3. Crafting – Use refined materials to make gear, accessories, or tools.
Gathering Tools
To start gathering, you need tools:
Logging Axe
Pickaxe
Butcher's Knife
You can buy these from vendors or craft them from basic materials like twigs and flint.
Gathering Freedom
Unlike other MMOs, Chrono Odyssey doesn't restrict what you can gather by level. You can go chop the best tree in the game on Day 1—it'll just take forever. Better tools and higher gathering levels increase your speed, but nothing is off-limits. This system is player-skill and effort-focused rather than level-gated.
Resources are tiered:
Young Tree → Mature Tree → Redwood → Arch Tree
Iron Ore → Silver → Titanium → Meteorite
Higher-tier nodes yield better arch, a currency/resource used in crafting and tradable among players.
Crafting Gear
You can craft:
Weapons/Armor/Accessories (Rings, Amulets, Belts)
Crafting is RNG-heavy:
Random stat lines (e.g., Strength + Wisdom, Intellect + Vitality)
Random equipment score within a range
Random perk combinations
No stats are completely useless, which helps soften the RNG. But for those chasing perfect gear, crafting is a grind. There are no crafting mods or ways to influence the outcome, at least not in the preview build.
Crafting Tips:
You can craft directly from your storage shed—major quality of life win.
Perks for gatherers (e.g., mining yield, speed) can roll on accessories.

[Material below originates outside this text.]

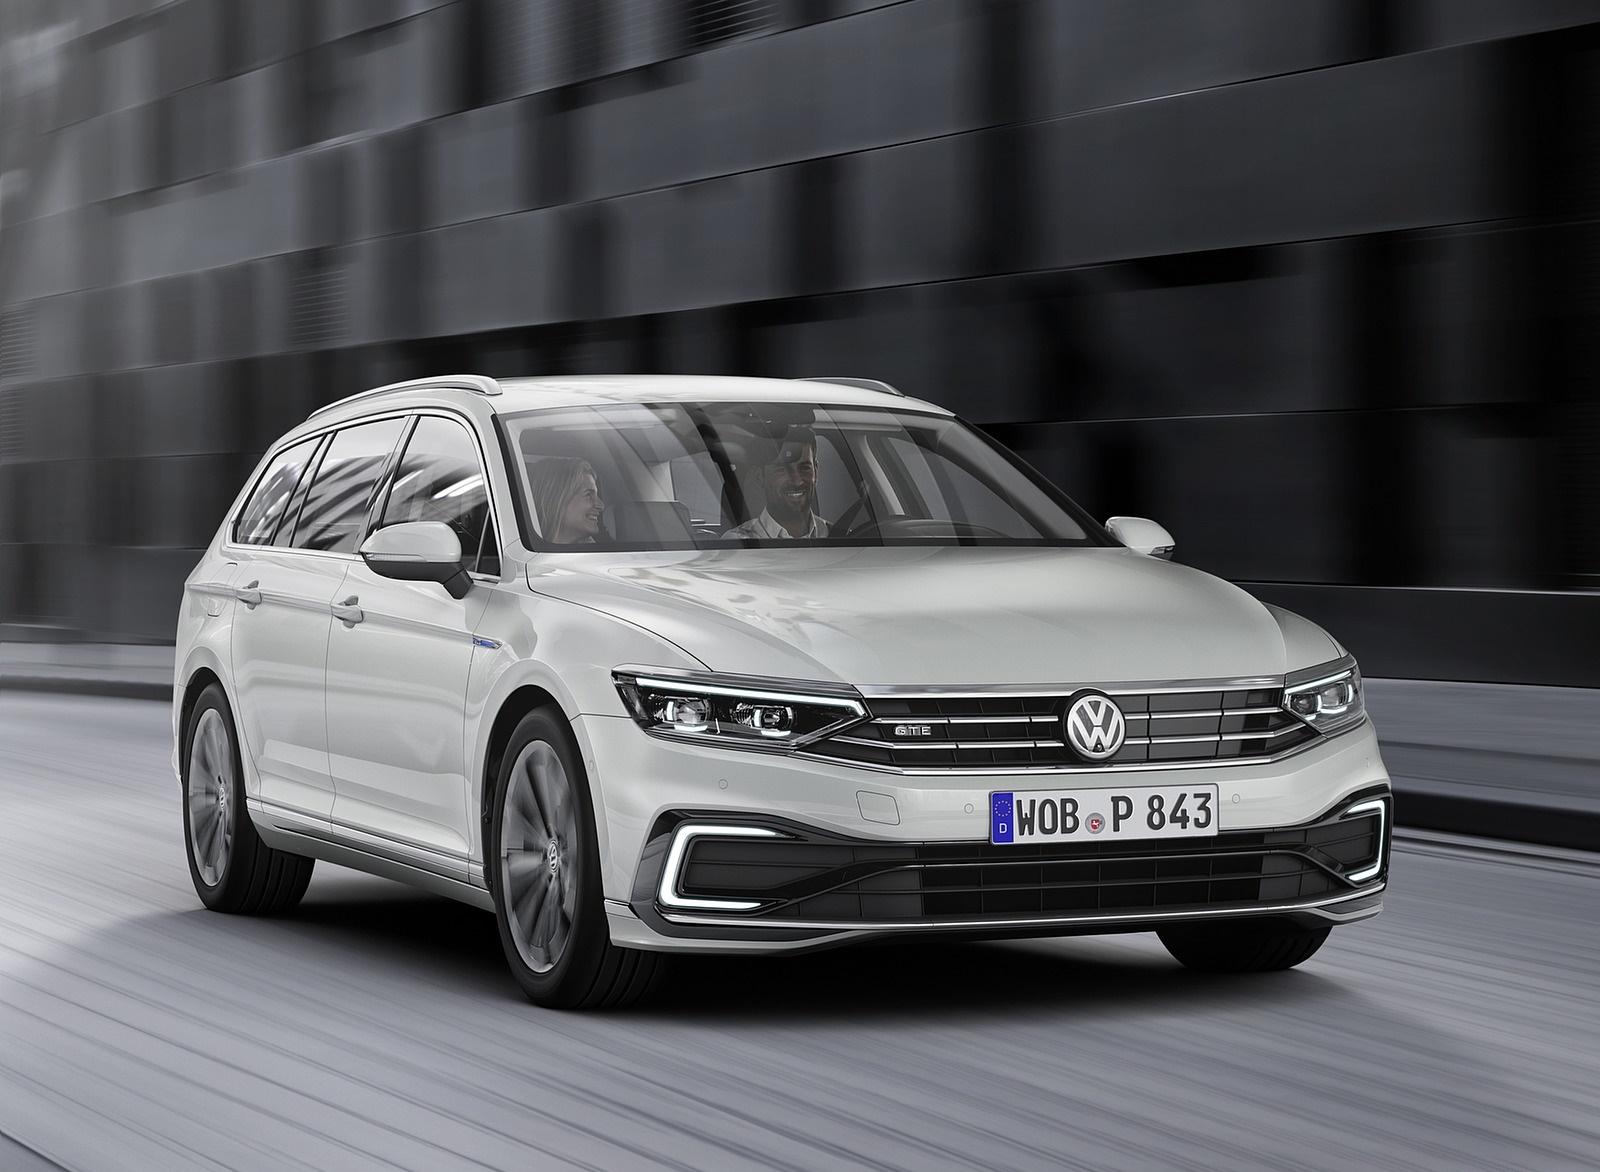 2020 Volkswagen Passat GTE Variant (EU-Spec) Front Wallpaper (4)

Recipes can drop from bosses or chests, allowing you to craft purple gear earlier than usual.
Salvaging, Perk Transfers, and Enchanting
Salvaging gear breaks it down into crafting materials.
Perk Transfer NPCs let you move a perk from one item to another of the same type (e.g., gloves to gloves). Requires Chrono Odyssey gold and a currency like Ember Shards, which drop from elite enemies.
Enchanting or “plusing” gear is also available:
+1 to +7
Uses green/blue shards bought daily from stores (2,000 gold each, 15 per day)
Increases gear stats and score
No visible failure chance in the preview build
Whether upgrades can be transferred like in Throne and Liberty remains unknown.
Gems and Socketing
Weapons and gear can have gem sockets, particularly at higher rarities.
So far, available gems mostly upgraded skill levels (e.g., +1 to “Sever” on a Battle Axe). It's unclear if more complex or build-altering gems exist, but this system appears to be class-specific and limited to applicable gear.
Other Sources of Gear
Beyond crafting and exploration, you'll find gear through:
1. Open World Bosses
These are inconsistent. Sometimes you'll get nothing or a low-tier drop, but there's a chance at blues and recipes. No purples or legendaries dropped in my playthrough.
2. Time Dungeons
Solo or group content that rewards chests, gems, and even the occasional purple item. There are multiple tiers, so find one appropriate to your gear score.
3. Bounty Board System
By far the best early-to-mid game gear source. Found in the first major town, bounties are offered:
XP
Bounty Tokens
Reputation for higher-tier bounties
Tokens can be spent on powerful gear, particularly purple accessories, which can't be crafted at lower levels. If you're trying to gear up efficiently, the bounty board should be your go-to.